= Task =
In the material below, pictures must be dropped. Repeat exactly, and only, the lines from the line with "Roxy Vista III Black Sandals" to the line with "Grade 2 listed", both ends included.

= Records for processing =
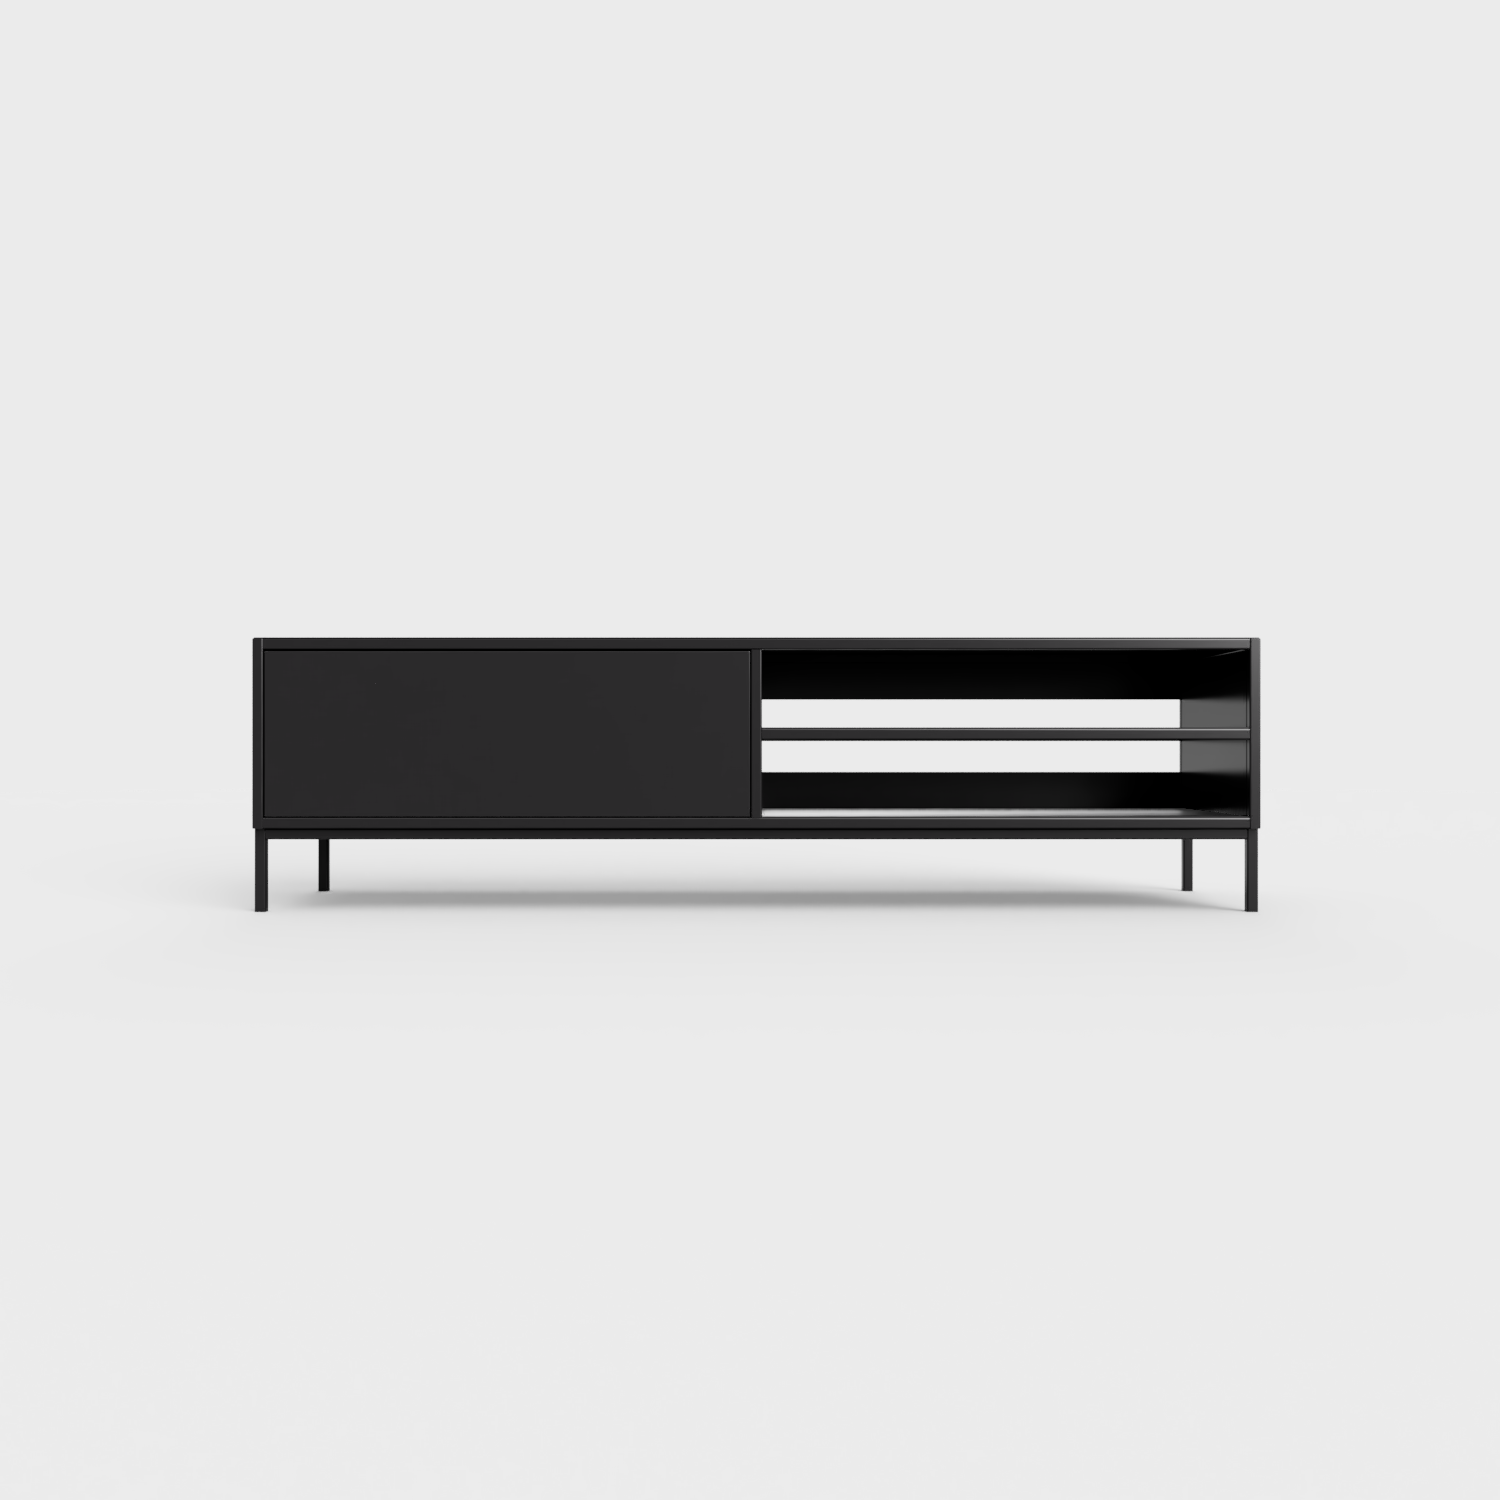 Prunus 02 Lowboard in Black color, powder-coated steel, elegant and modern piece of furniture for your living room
---
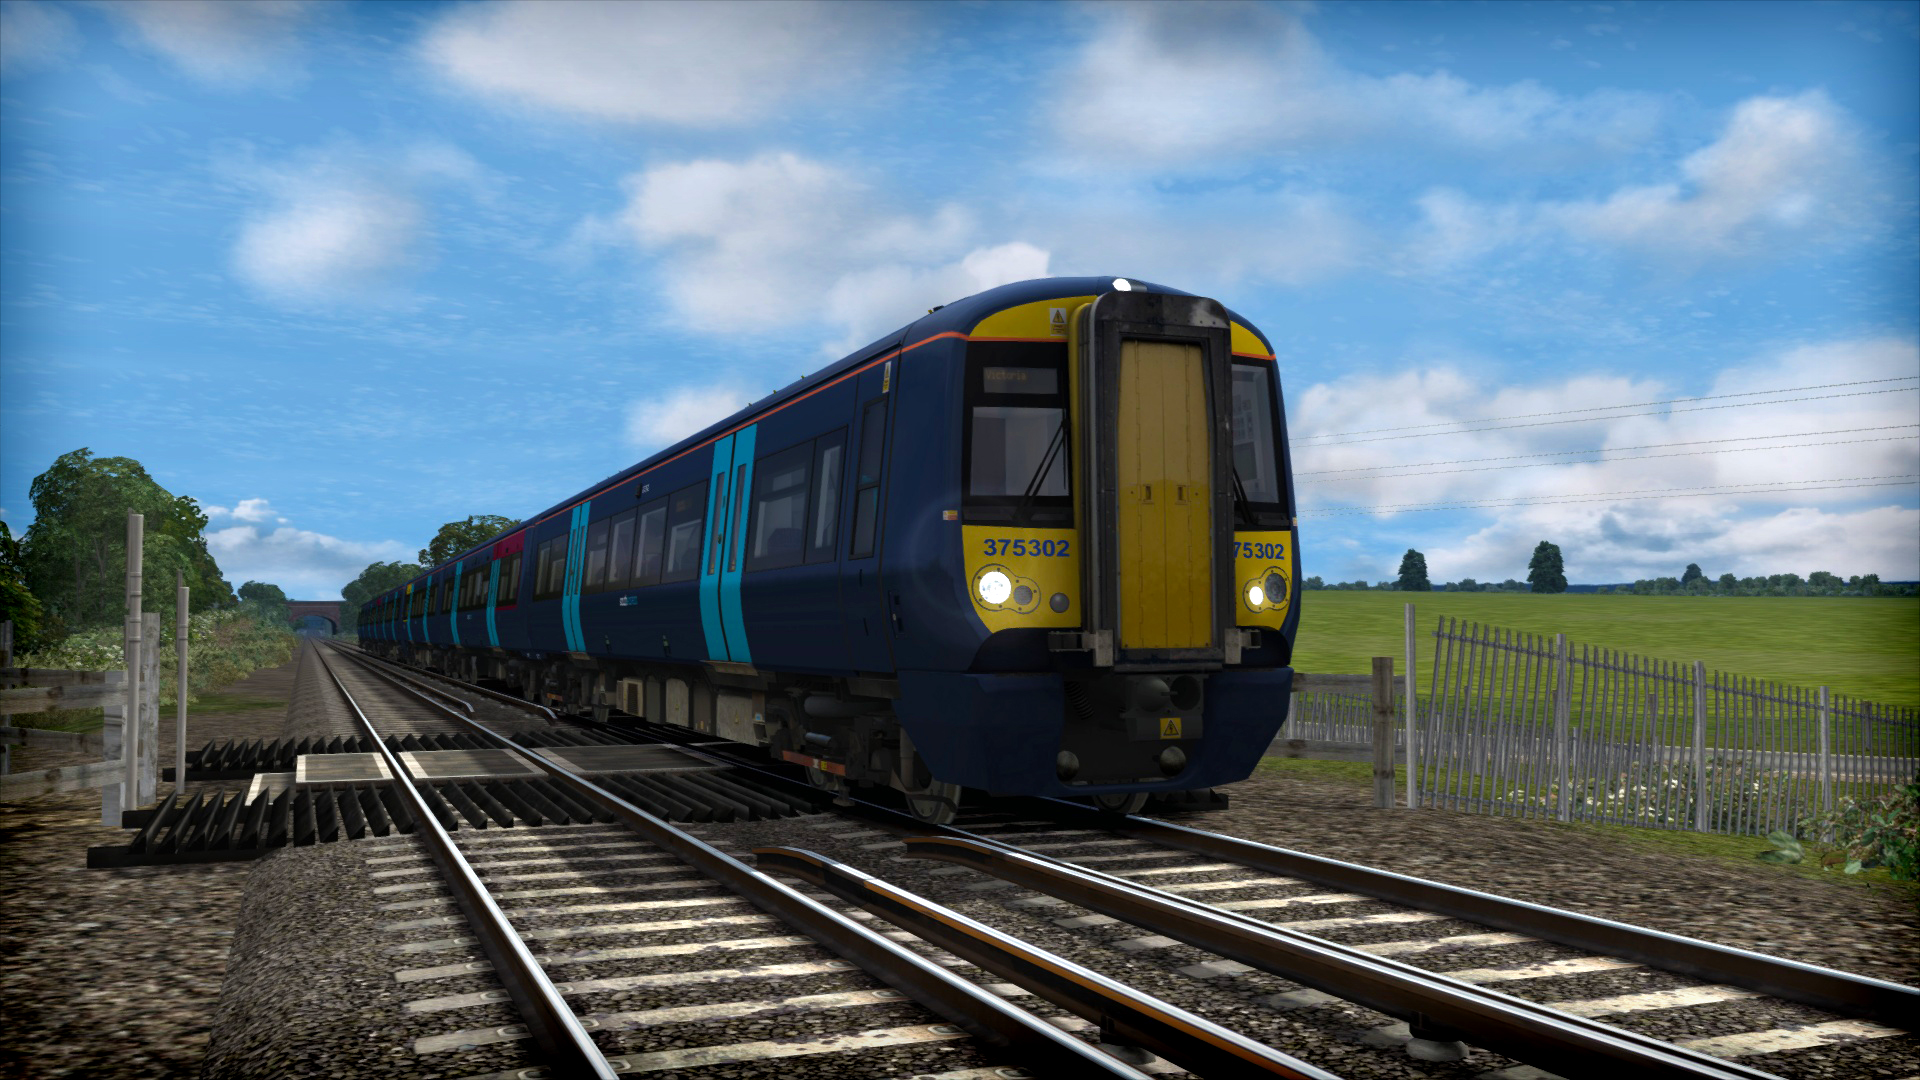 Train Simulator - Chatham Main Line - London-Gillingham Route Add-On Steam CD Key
==
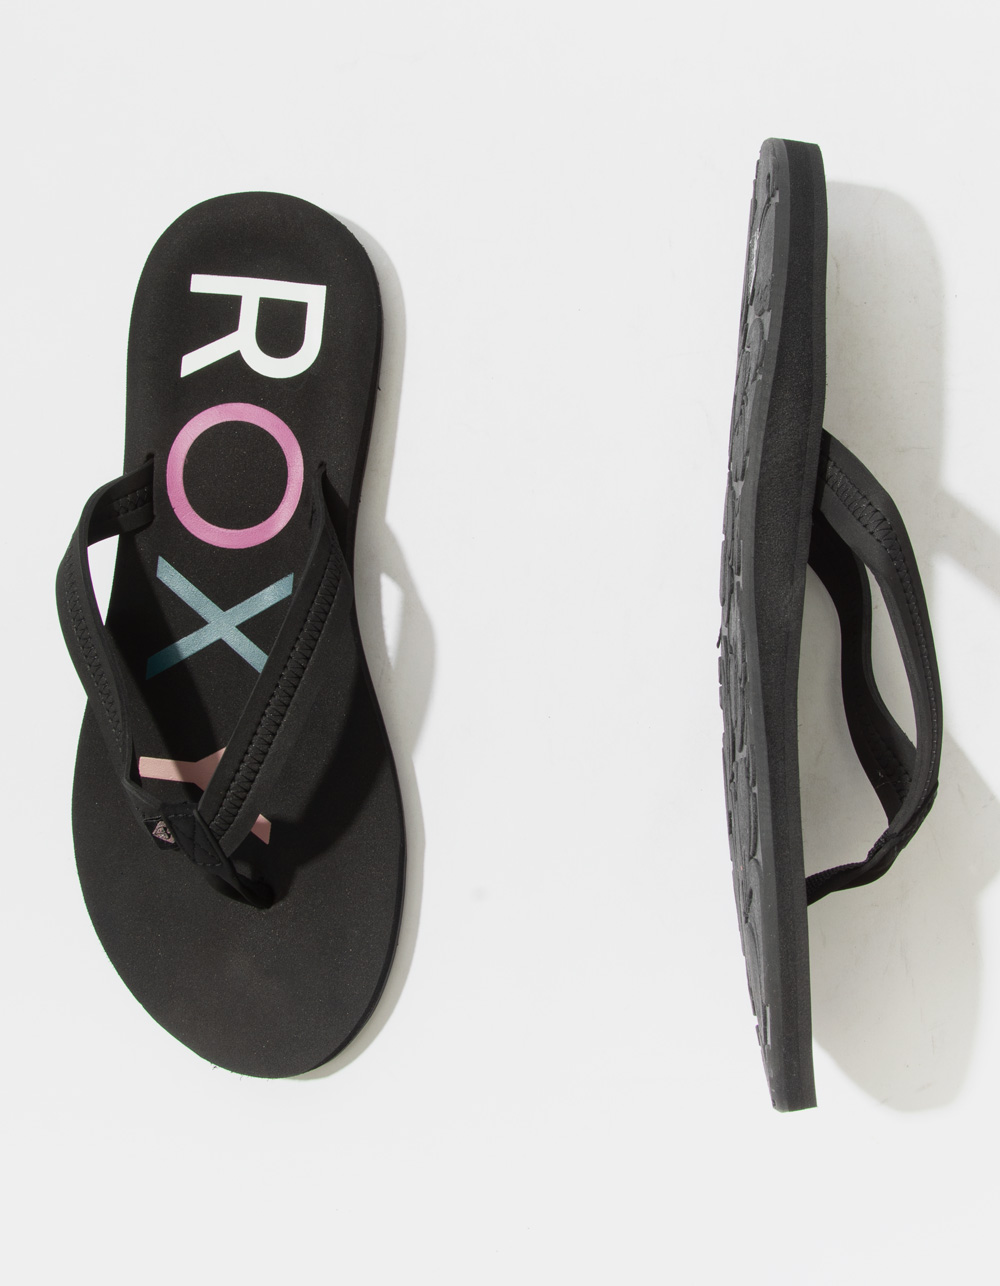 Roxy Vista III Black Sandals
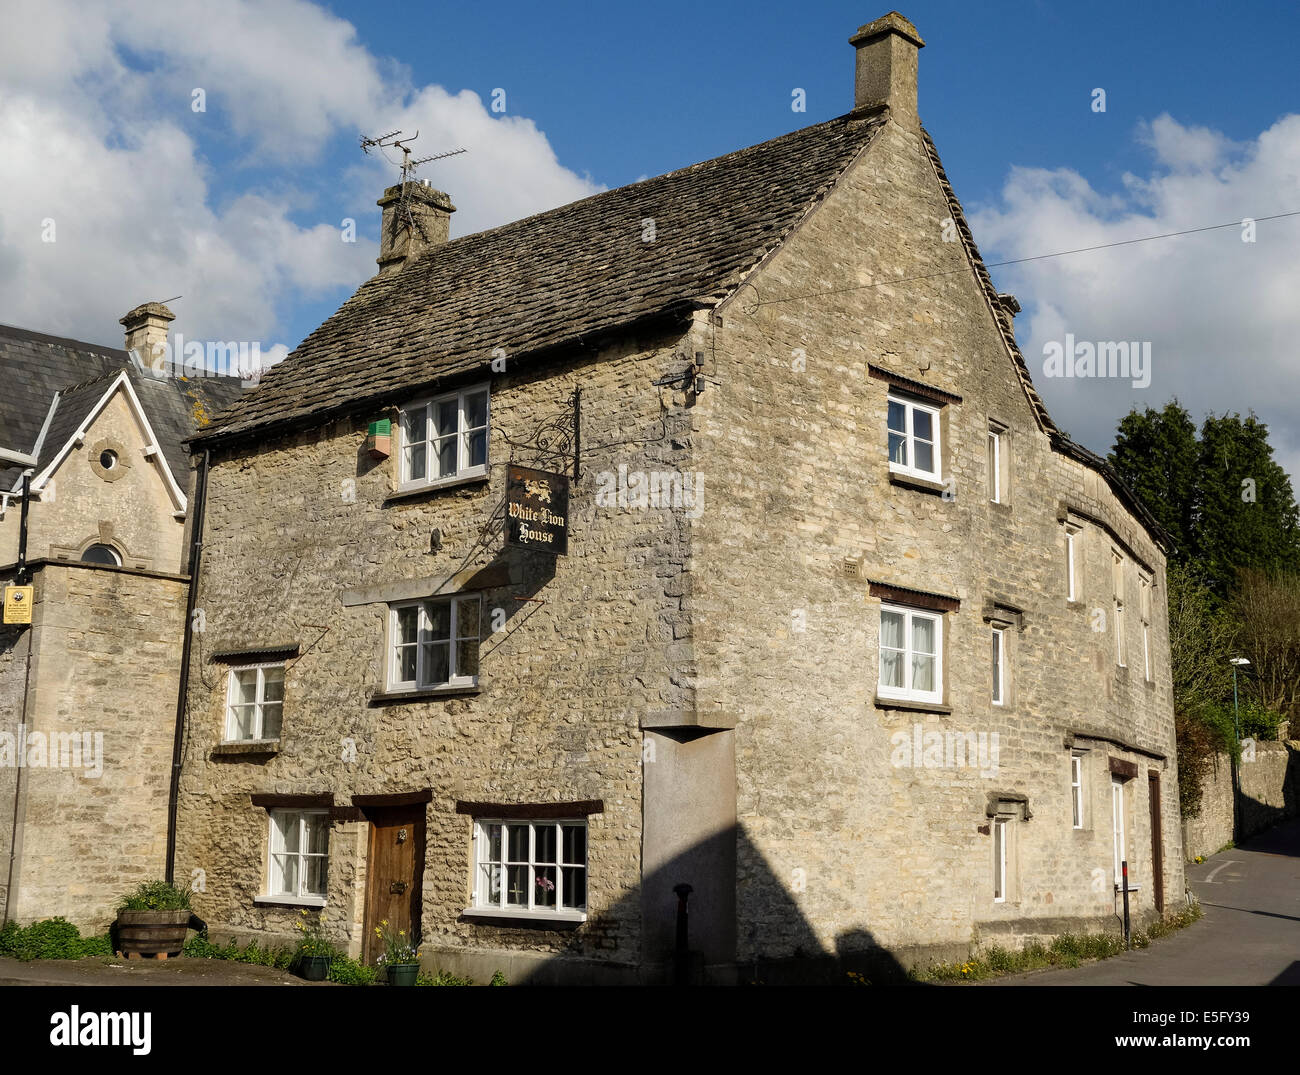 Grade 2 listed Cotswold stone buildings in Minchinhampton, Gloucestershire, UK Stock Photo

= Written response =
 Roxy Vista III Black Sandals
 Grade 2 listed Cotswold stone buildings in Minchinhampton, Gloucestershire, UK Stock Photo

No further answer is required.